* Information provided
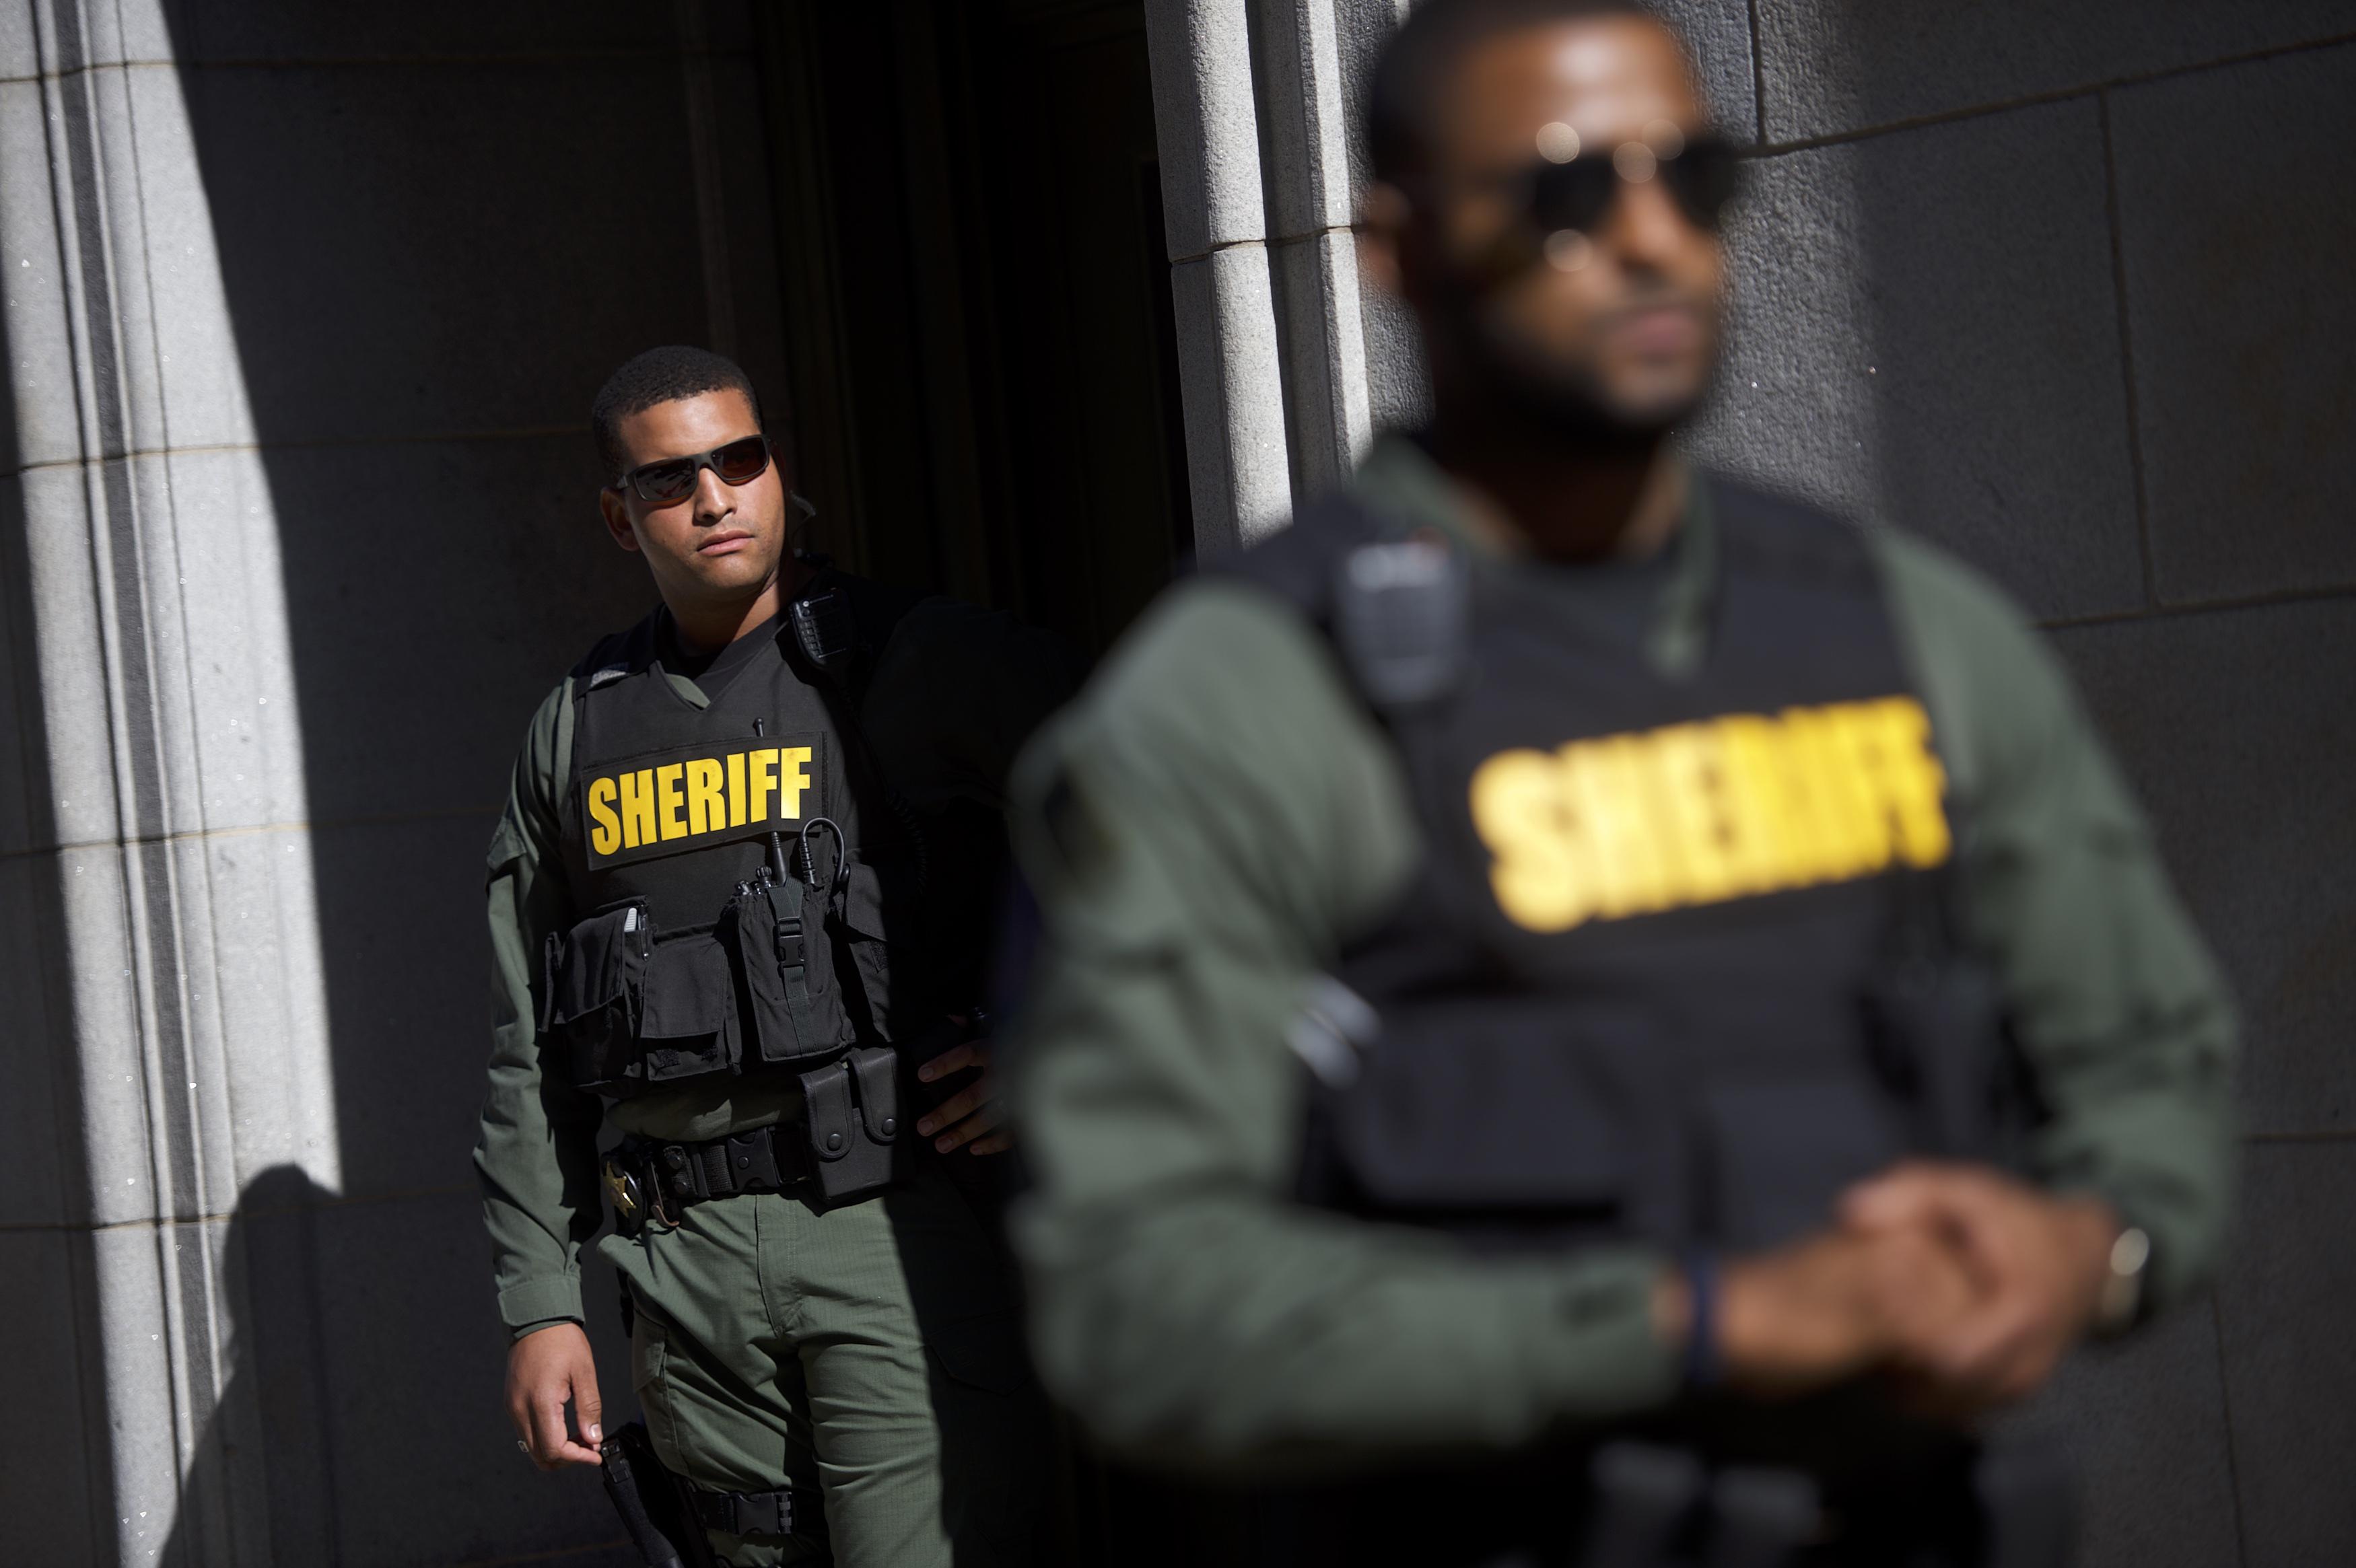 Police Van Driver in Freddie Gray Case Goes On Trial
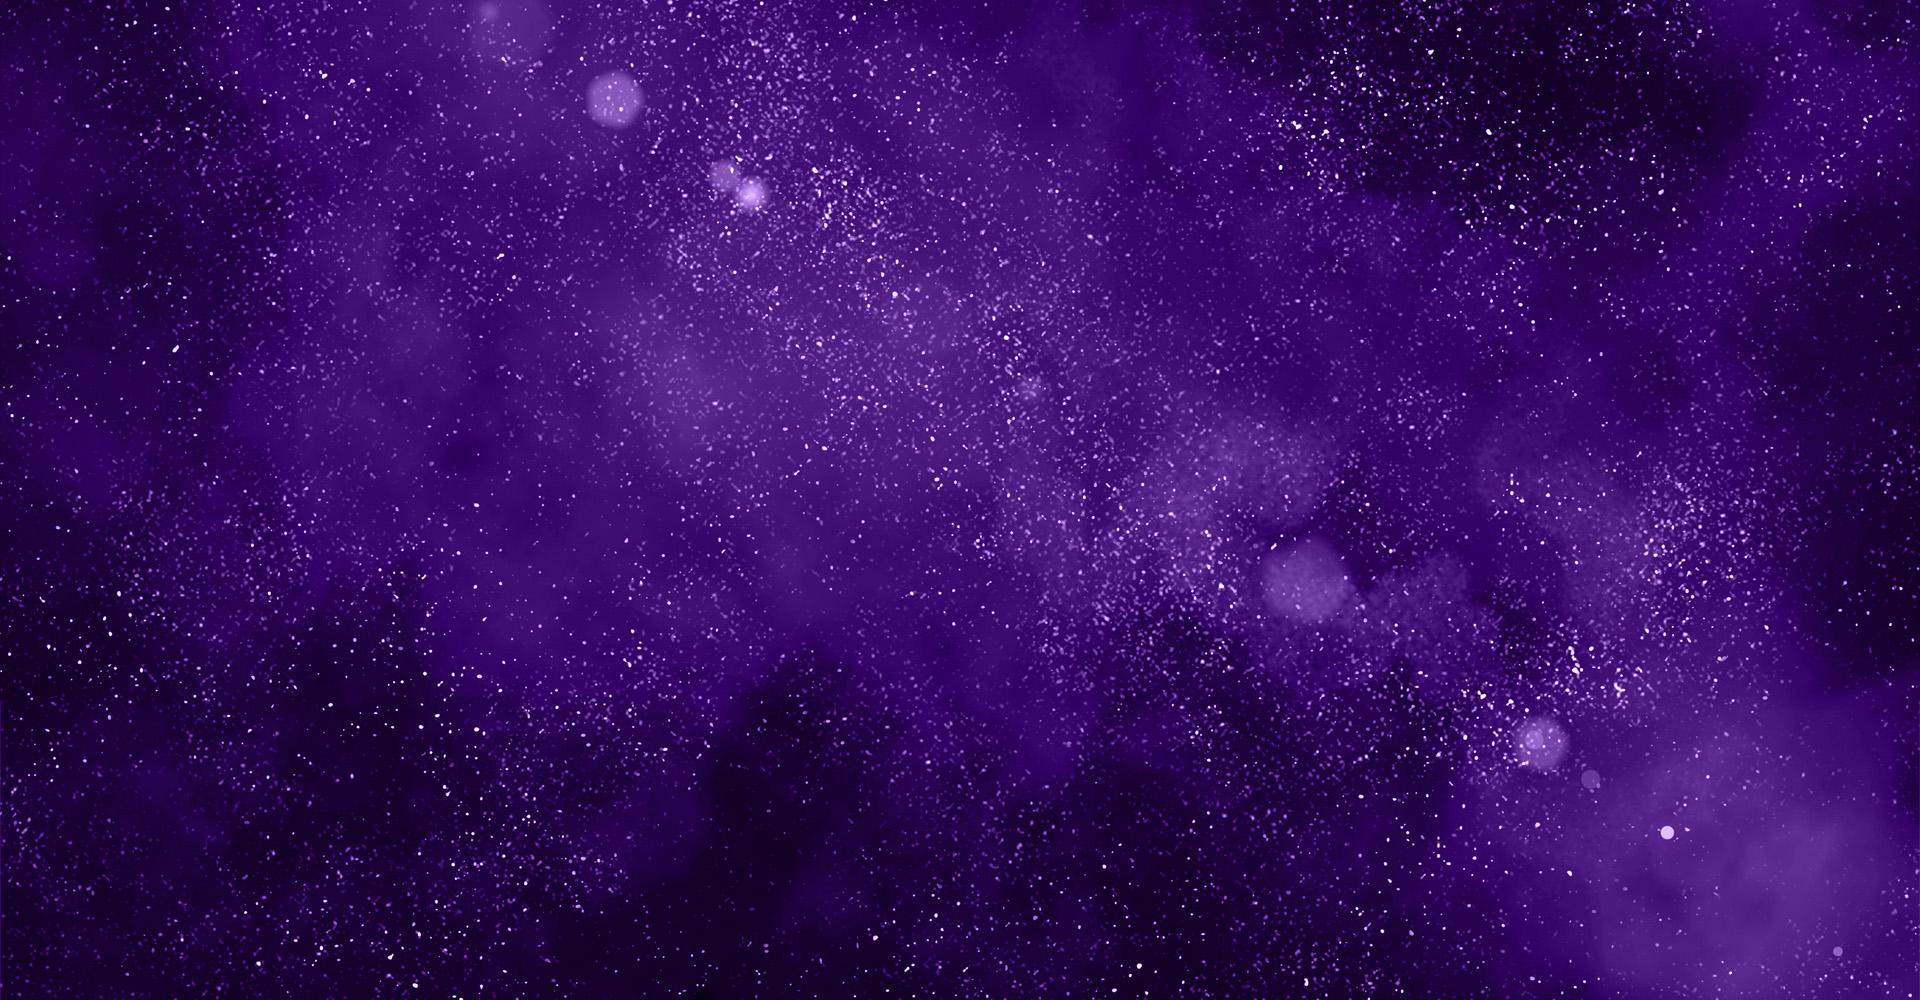 purple starry sky wallpaper
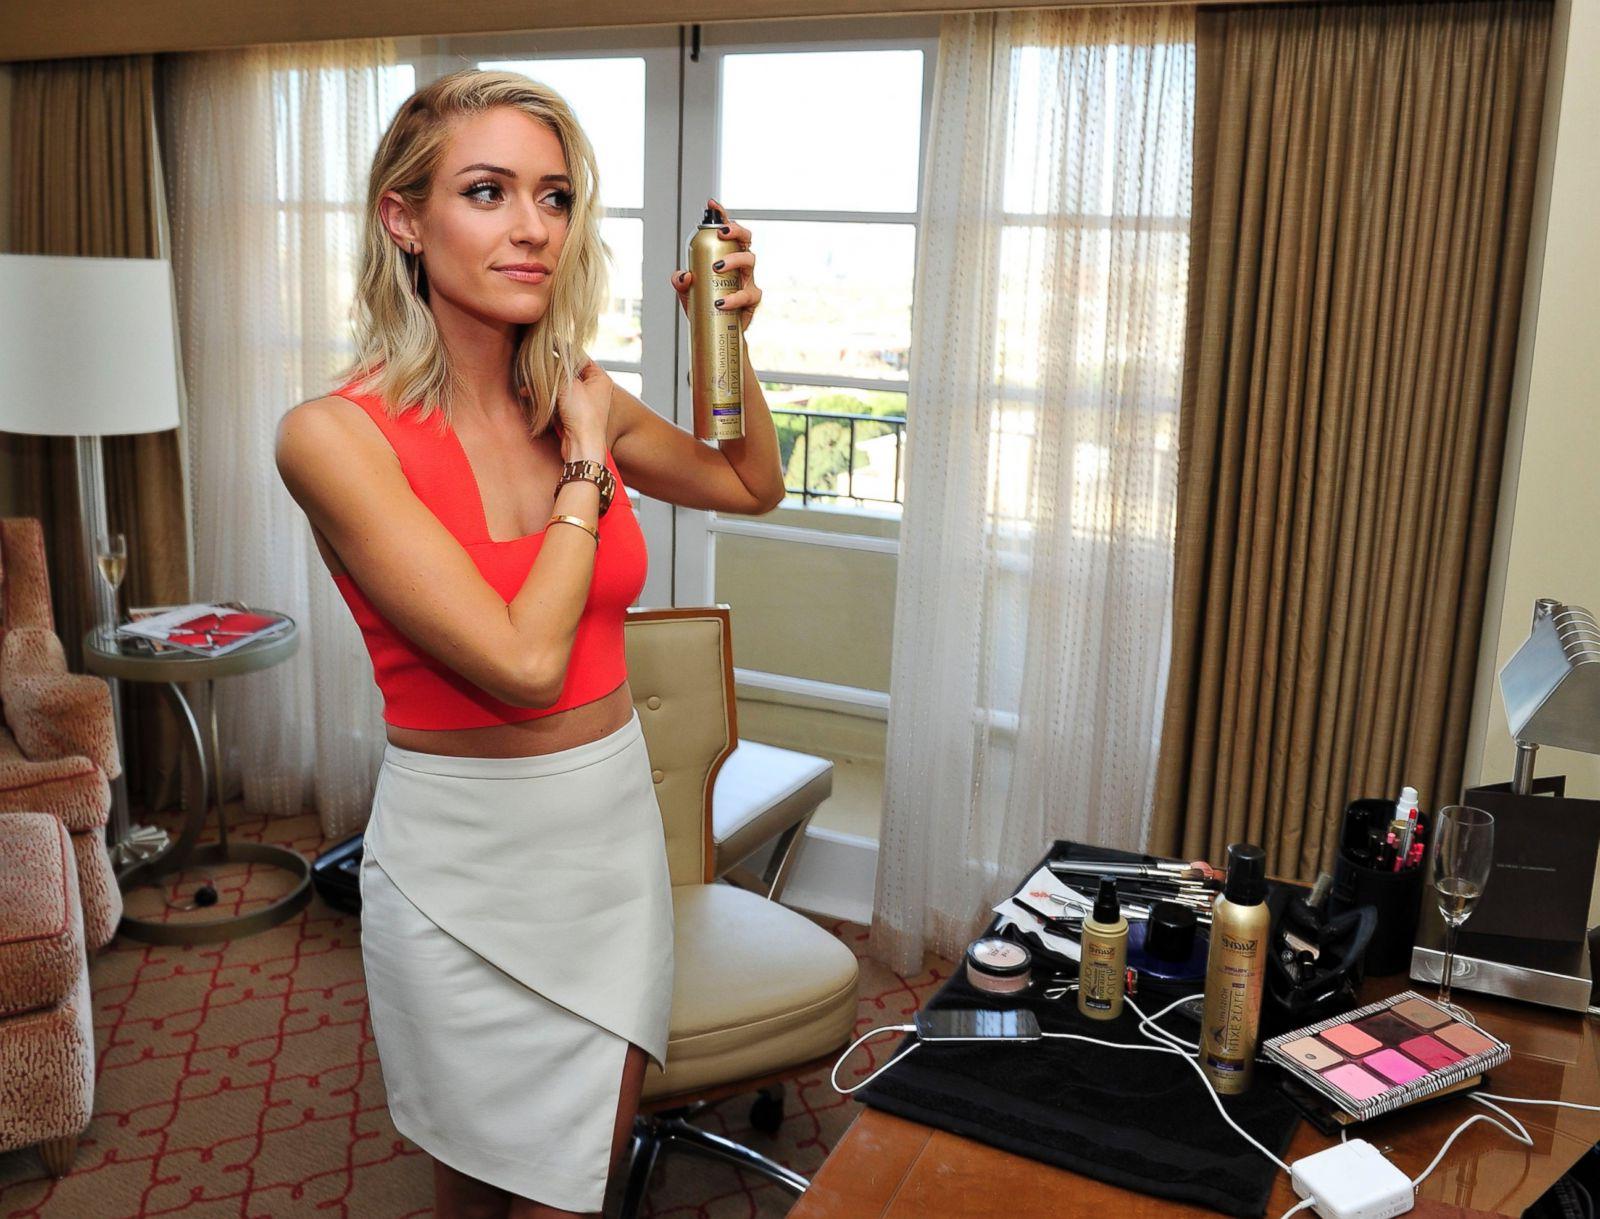 Kristin Cavallari Picture   March Top Celebrity Pictures – Abc News In Kristin Cavallari Short Haircuts (View 12 of 25)
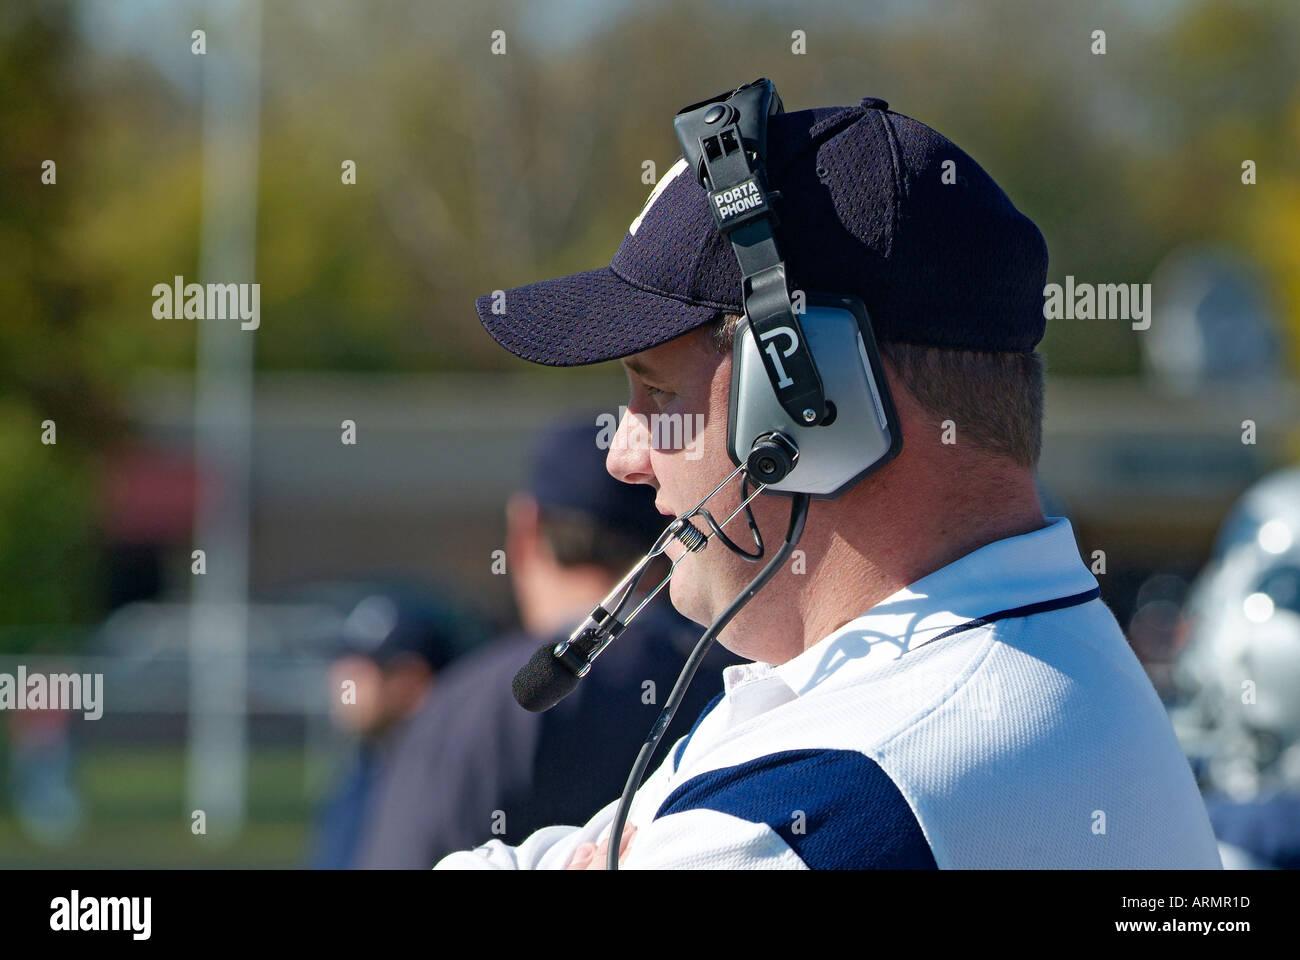 Entrenador de Fútbol americano a nivel High School comunicarse con otros entrenadores por medio del uso de auriculares inalámbricos Imagen De Stock

* To do
Your task is an exact transcription of all the data, minus the pictures.

* Exercise result
 Police Van Driver in Freddie Gray Case Goes On Trial
 purple starry sky wallpaper
 Kristin Cavallari Picture   March Top Celebrity Pictures – Abc News In Kristin Cavallari Short Haircuts (View 12 of 25)
 Entrenador de Fútbol americano a nivel High School comunicarse con otros entrenadores por medio del uso de auriculares inalámbricos Imagen De Stock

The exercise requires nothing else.